Pete Kissinger, Chemist, Purdue University
Bio and Contact Info

Listen (4:43) Many problems in life science traced back to poor measurements

Listen (2:50) Innovation without quality

Listen (4:37) Metabolome closer to reality than genome

Listen (7:46) Too focused on questions of reimbursement and regulation

Listen (3:34) Smartphone bio sample collection not there yet

Listen (10:35) Does the new Emerald Cloud Lab have a future?

Pete Kissinger is one of those who can discuss just about any area in the life sciences, often with humor. Pete's a professor of analytical chemistry at Purdue and founder of a drug development company, Bioanalytical Systems.

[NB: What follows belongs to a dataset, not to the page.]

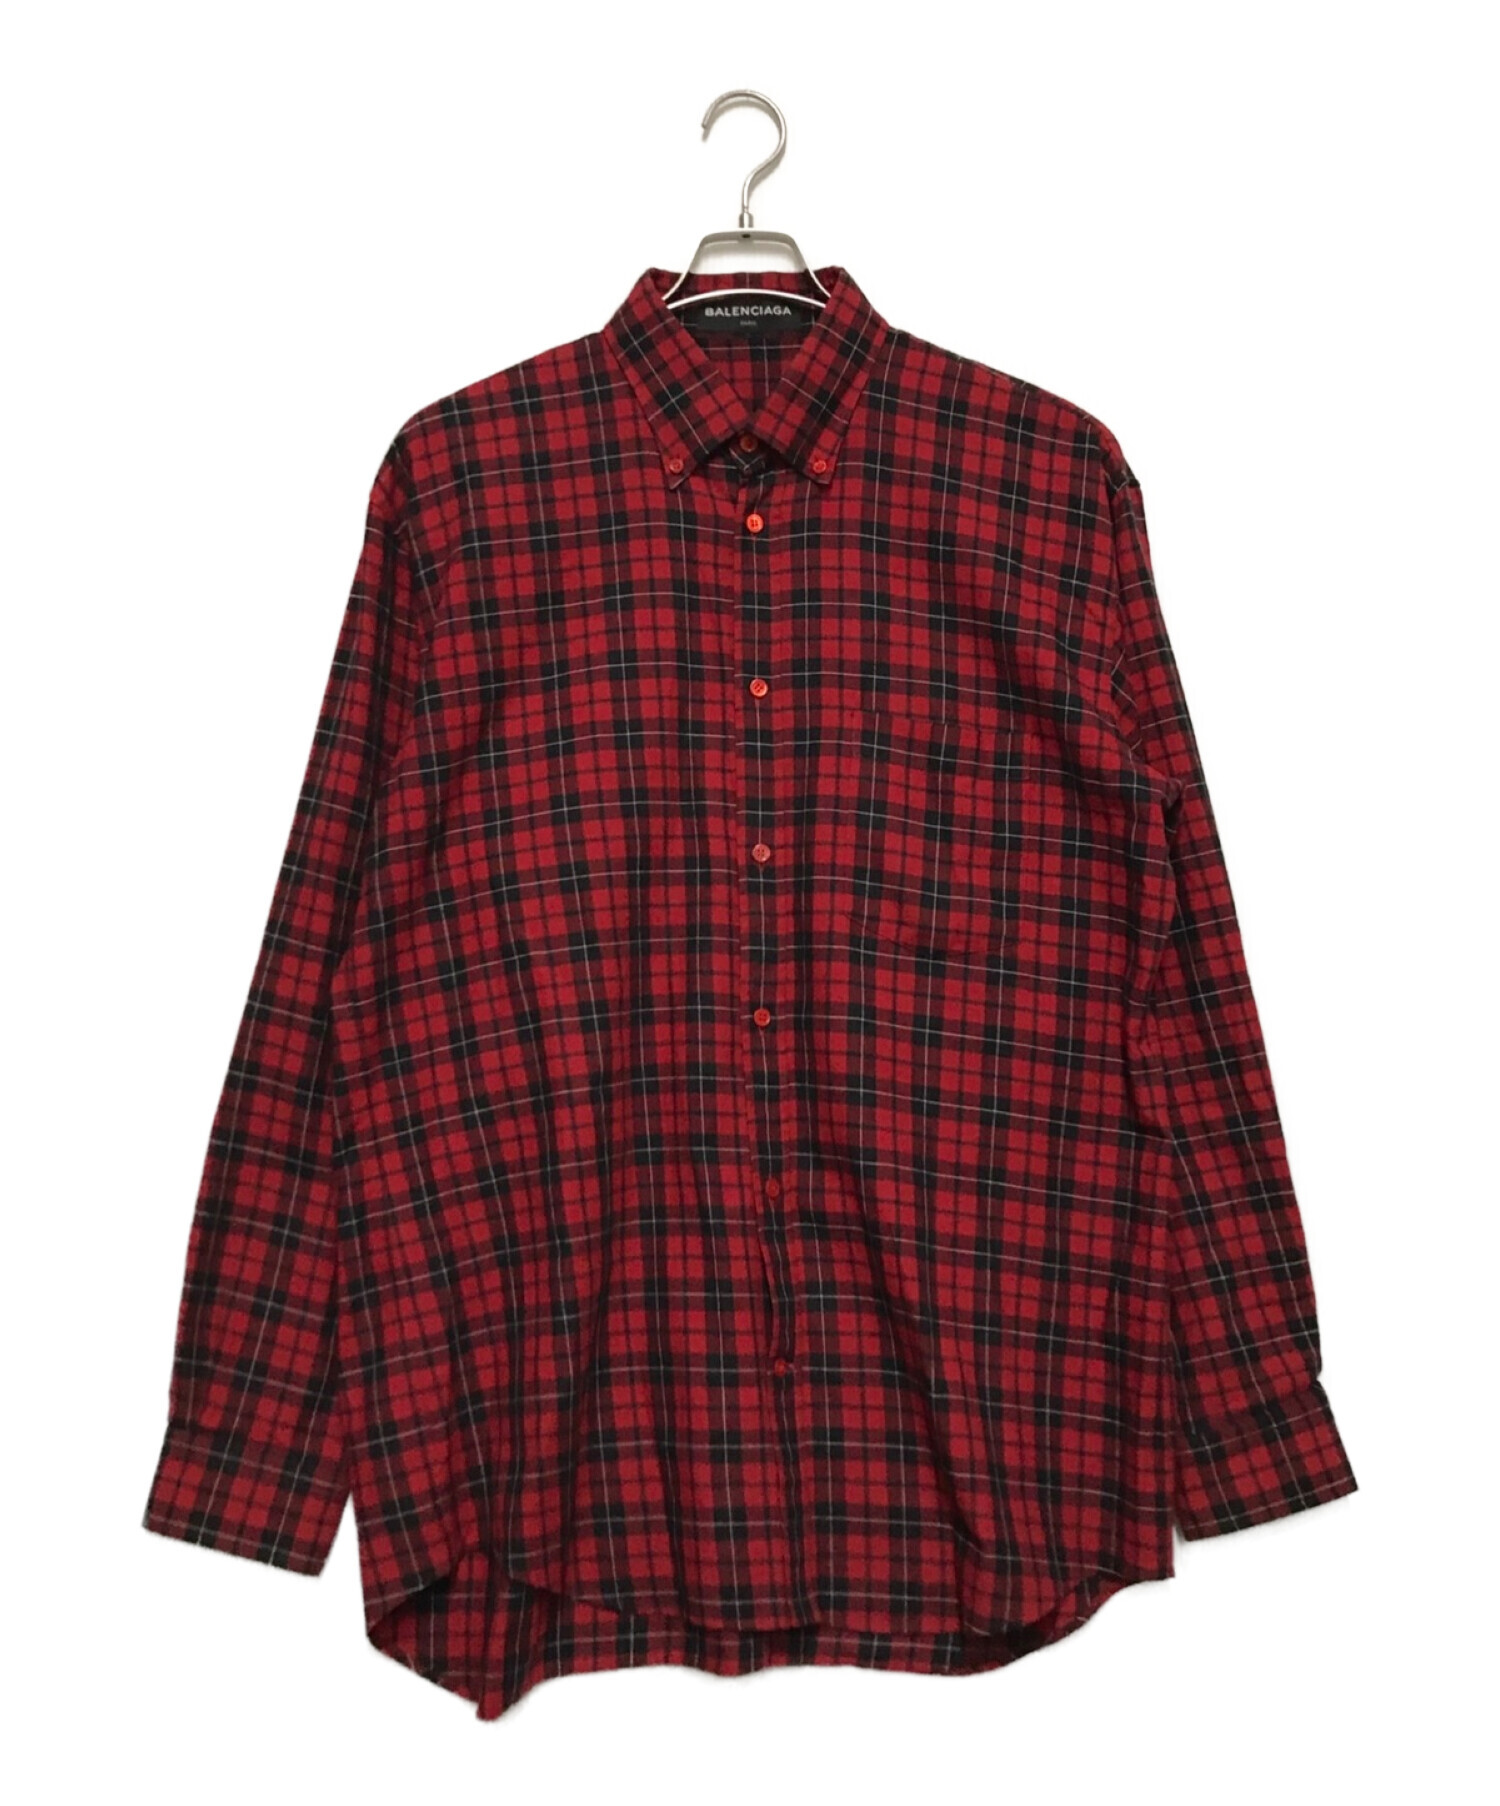 BALENCIAGA (バレンシアガ) バックプリントチェックシャツ レッド サイズ:39

When I first chatted with Pete, our discussion went to every corner of the industry and back again. If Pete were a football player, he'd be comfortable in any position from quarterback to front linesman to safety.
For today's show, Pete and I tried to stick to a common theme--the importance of quality measurements.

Pete ties many of the problems we have in the life sciences--issues of reproducibility, failed clinical trials, an over emphasis on genomics--to low quality measurements. When asked why that is, Pete turns to funding, arguing that we are prioritizing the new over the reproducible.

"Often there isn't the funding to validate sufficient numbers of samples . . . We fund innovative academic science. We don't fund the routine blocking and tackling required to get quality data from a sufficient number of subjects," he says in today's interview.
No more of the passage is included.